The next contention is that Wallace being without authority to execute the chattel mortgage, its registration was not constructive notice to appellant in the absence of actual notice. While we think the evidence on the issue of actual notice is conflicting, and hence would not authorize a peremptory instruction by the court, yet having found that under the undisputed evidence Wallace under the course adopted by the company for transacting its business was authorized to execute the mortgage, constructive notice will be imported to appellant, since his right to deny such notice rests solely on the claim that Wallace's acts were ultra vires.

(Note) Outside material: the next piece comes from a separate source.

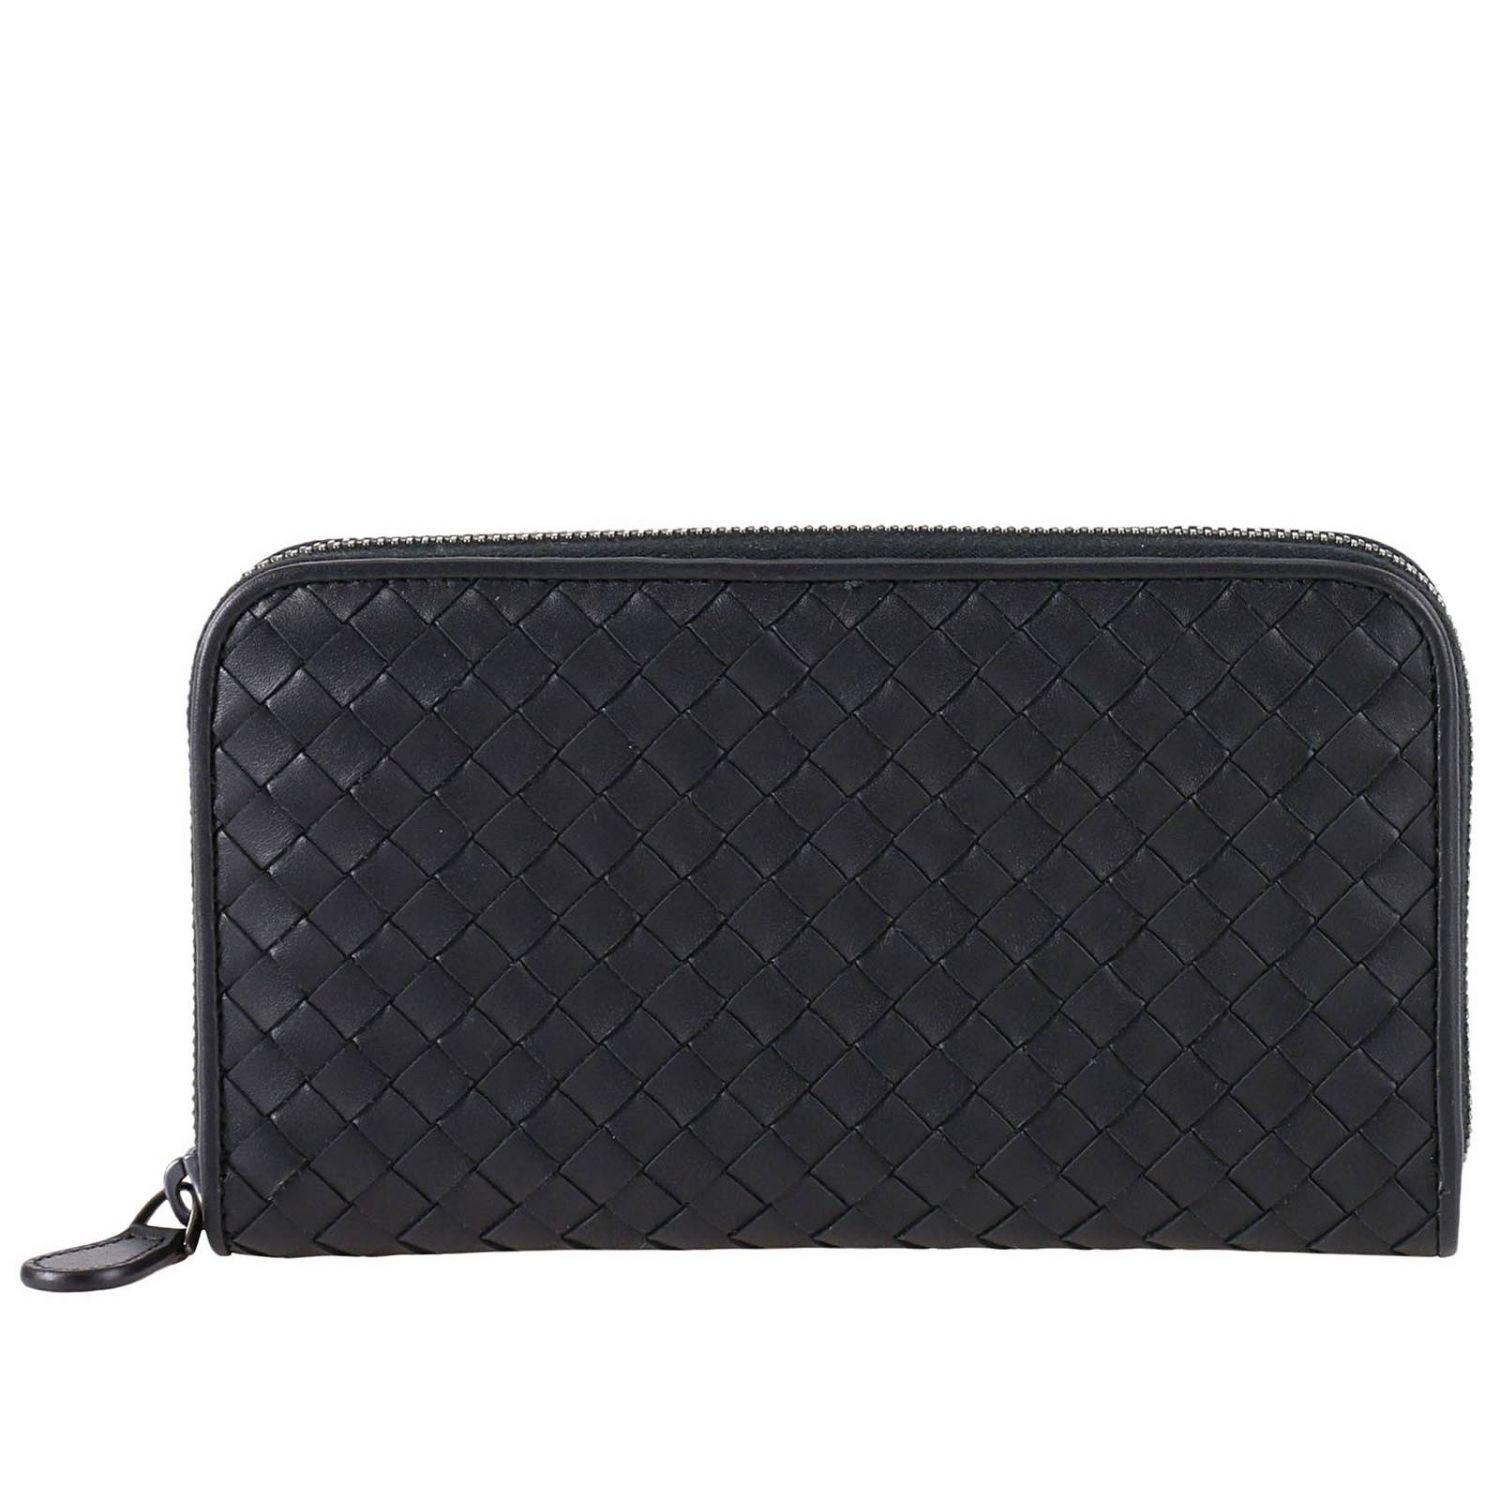 Bottega Veneta Leather Men's Wallet in Black for Men - Lyst

It is further contended that the judgment is erroneous because of a variation in the description of the mortgaged property as contained in the pleading from that contained in the mortgage introduced in evidence. In connection with the issue thus raised the record discloses that the description of the building, which was situated upon leased land, contained in the pleading and the mortgage admitted in evidence was identical, save that in the pleading the size of the building was given as 24 × 26 feet, while in the mortgage it was given as 24 × 36 feet. The point does not, in our opinion, warrant a reversal of the case. Brown Cracker Candy Co. v. Johnson, 154 S.W. 684, and cases cited. Under authority of the cases cited the dimensions of the mortgaged property were not a material issue in the case, the material issue being the validity of the mortgage, and as a consequence the misdescription could not mislead or surprise appellant as to any fact bearing on that issue. Further, the cases referred to hold, in effect, that when testimony at variance with the pleading is offered, it is the duty of the complaining party to then object, and a failure to do so is a waiver of the variance.
Believing that no reversible error is disclosed by the record, the judgment is affirmed.